What you are asked to do
Transcribe the data exactly. Pictures stay out.

Collected data
══════════

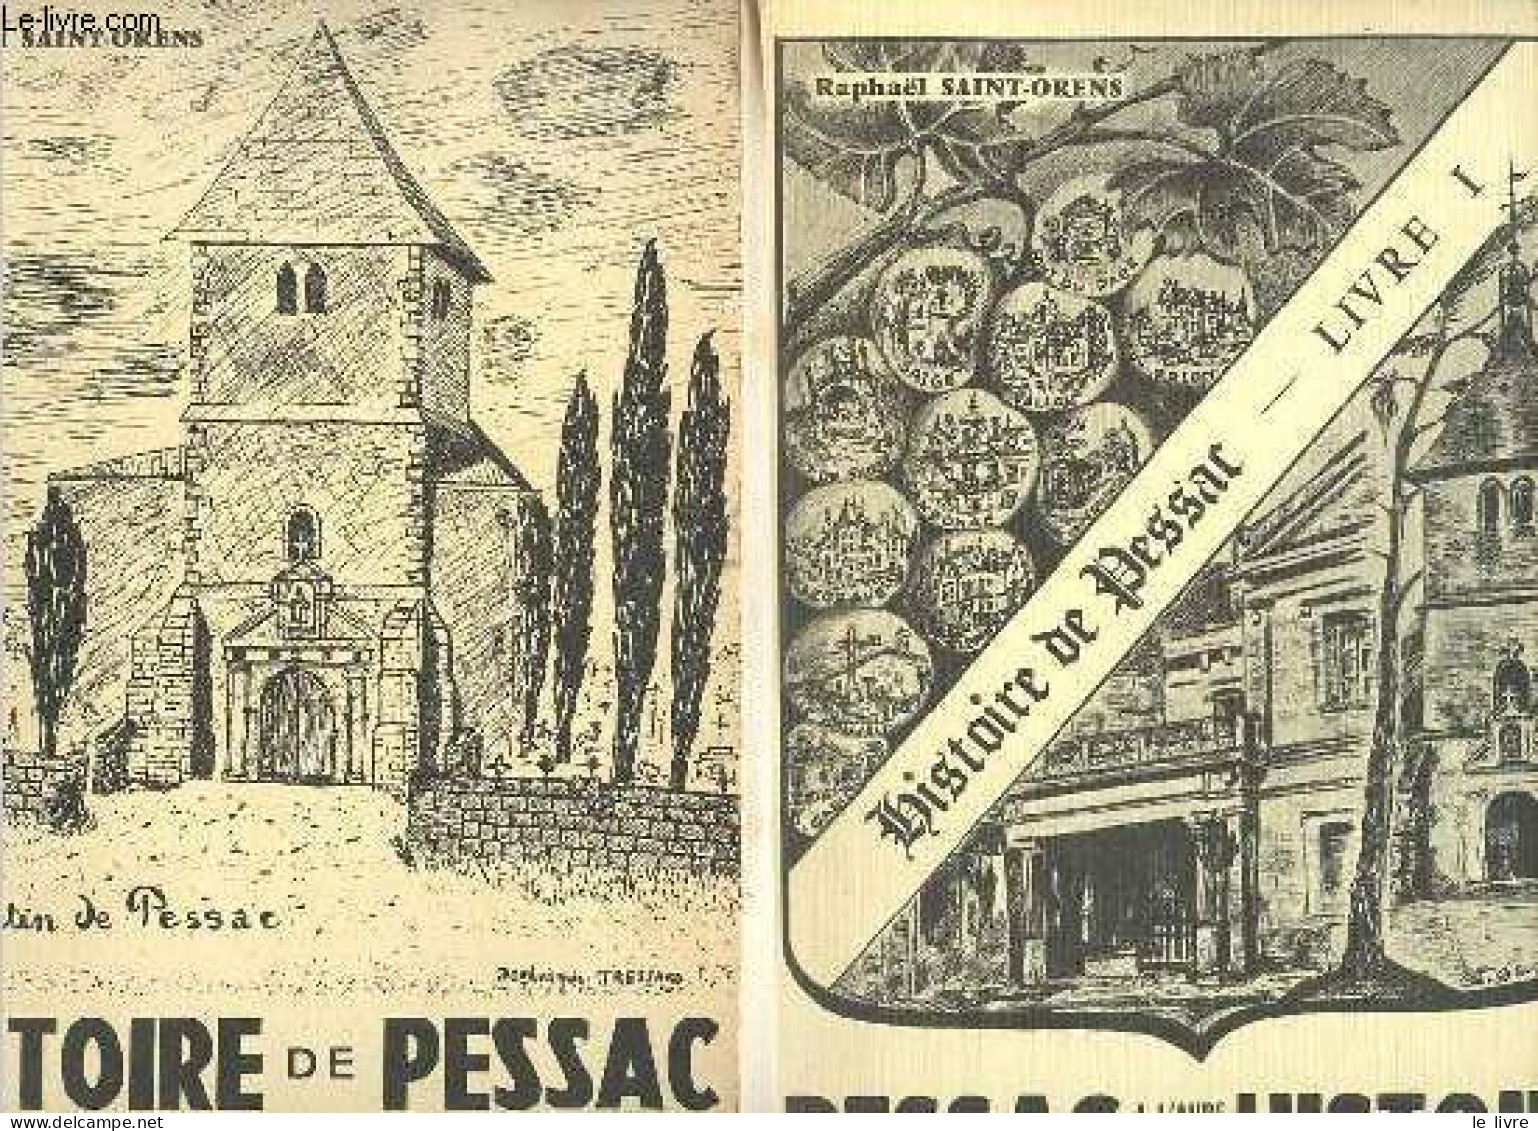 Histoire De Pessac - Tome 1 + Tome 2 (2 Volumes) - Tome 1 : Pessac A L'aube De Son Histoire - Tome 2 : Histoire Expliqué - Aquitaine
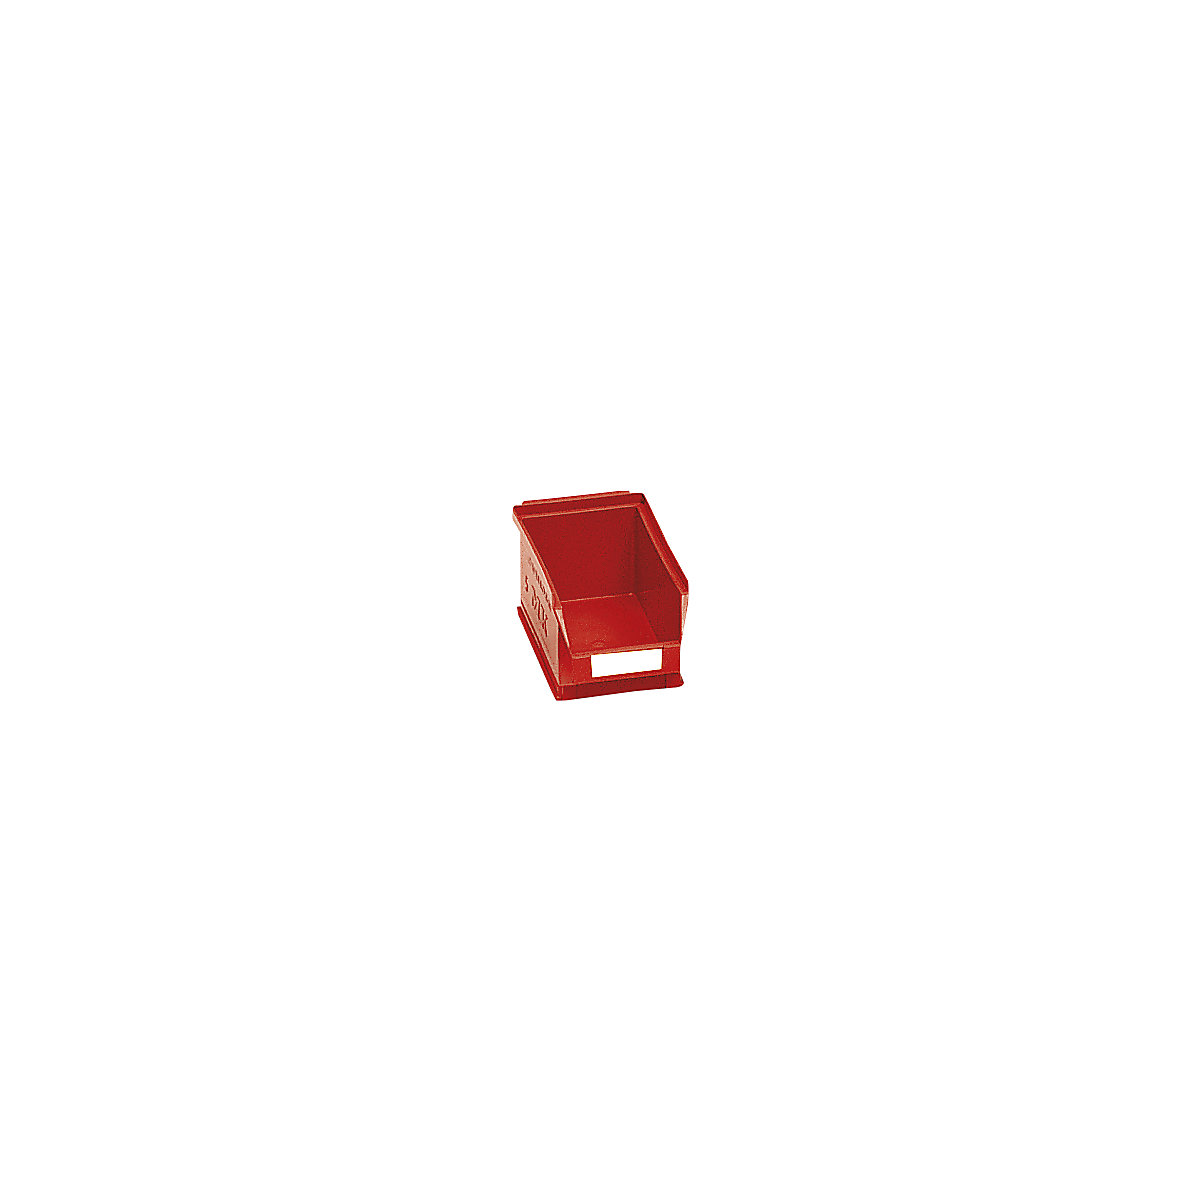 Prepravka s viditeľným obsahom z polyetylénu – mauser, d x š x v 160 x 100 x 75 mm, červená, OJ 25 ks-8
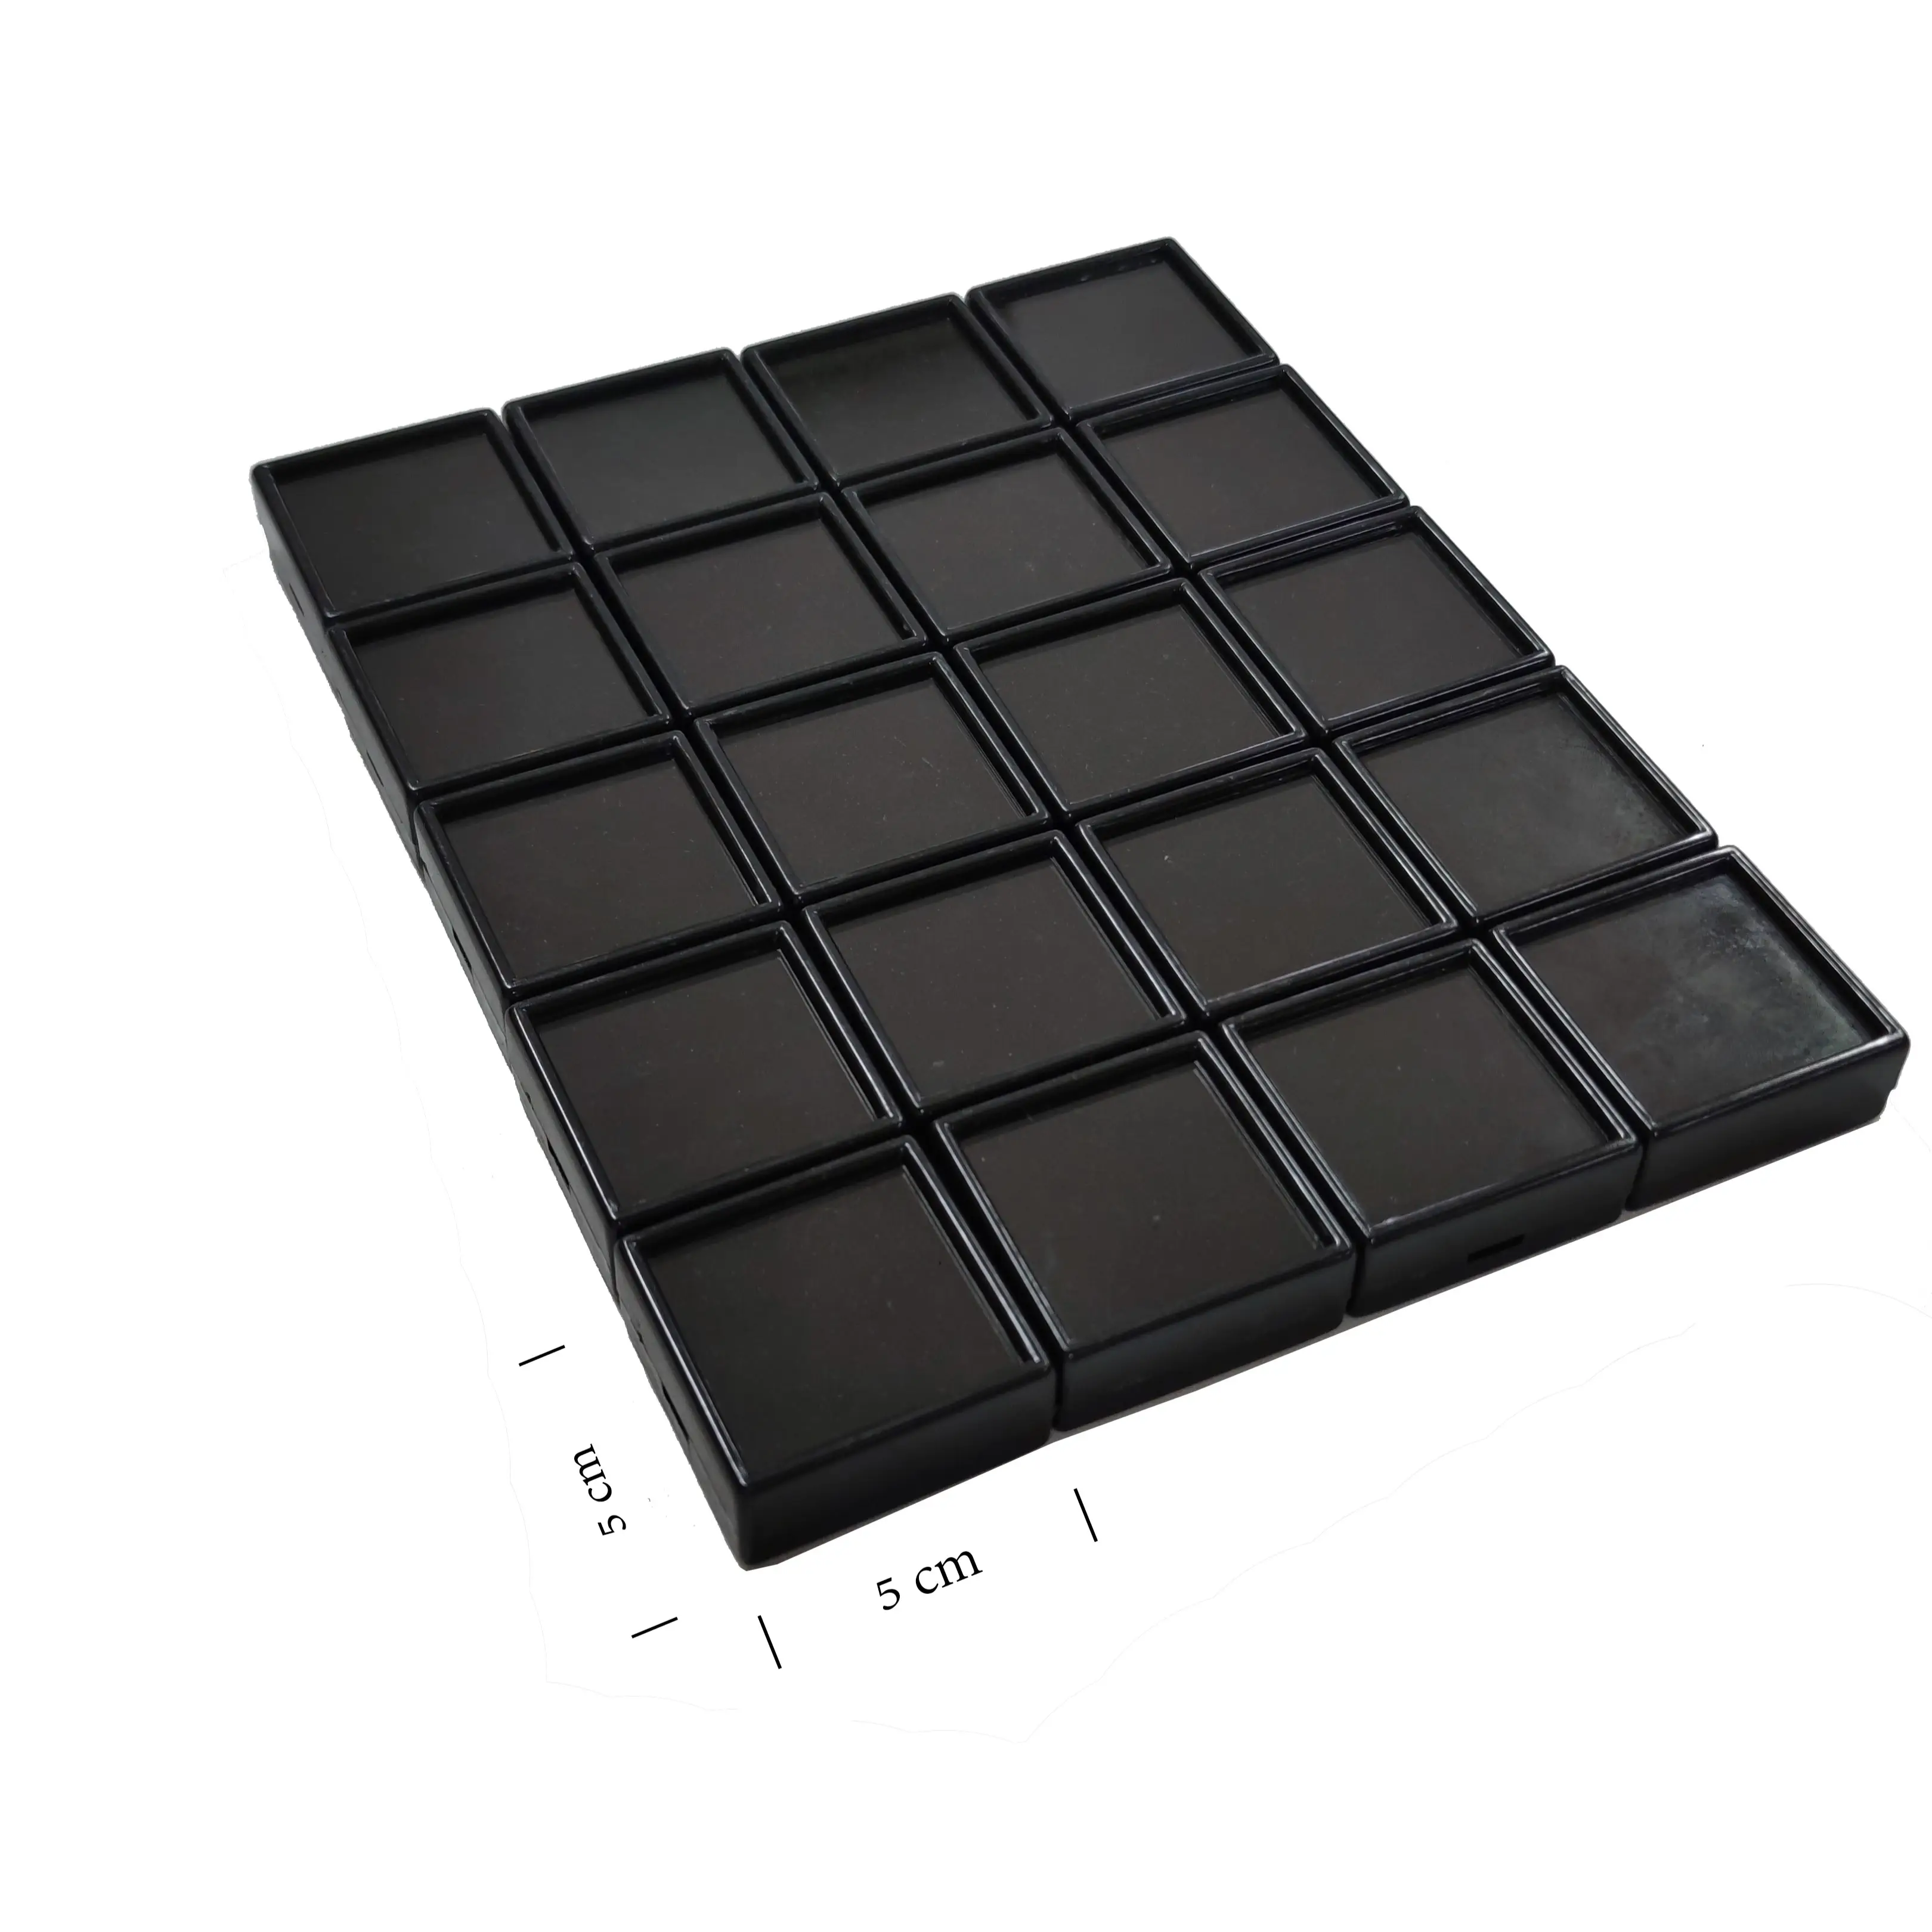 Beyaz veya siyah plastik taşlar kutusu cam kapaklı, boyut 5x5 cm, siyah kadife sünger insert

══════════

Answer box
 Histoire De Pessac - Tome 1 + Tome 2 (2 Volumes) - Tome 1 : Pessac A L'aube De Son Histoire - Tome 2 : Histoire Expliqué - Aquitaine
 Prepravka s viditeľným obsahom z polyetylénu – mauser, d x š x v 160 x 100 x 75 mm, červená, OJ 25 ks-8
 Beyaz veya siyah plastik taşlar kutusu cam kapaklı, boyut 5x5 cm, siyah kadife sünger insert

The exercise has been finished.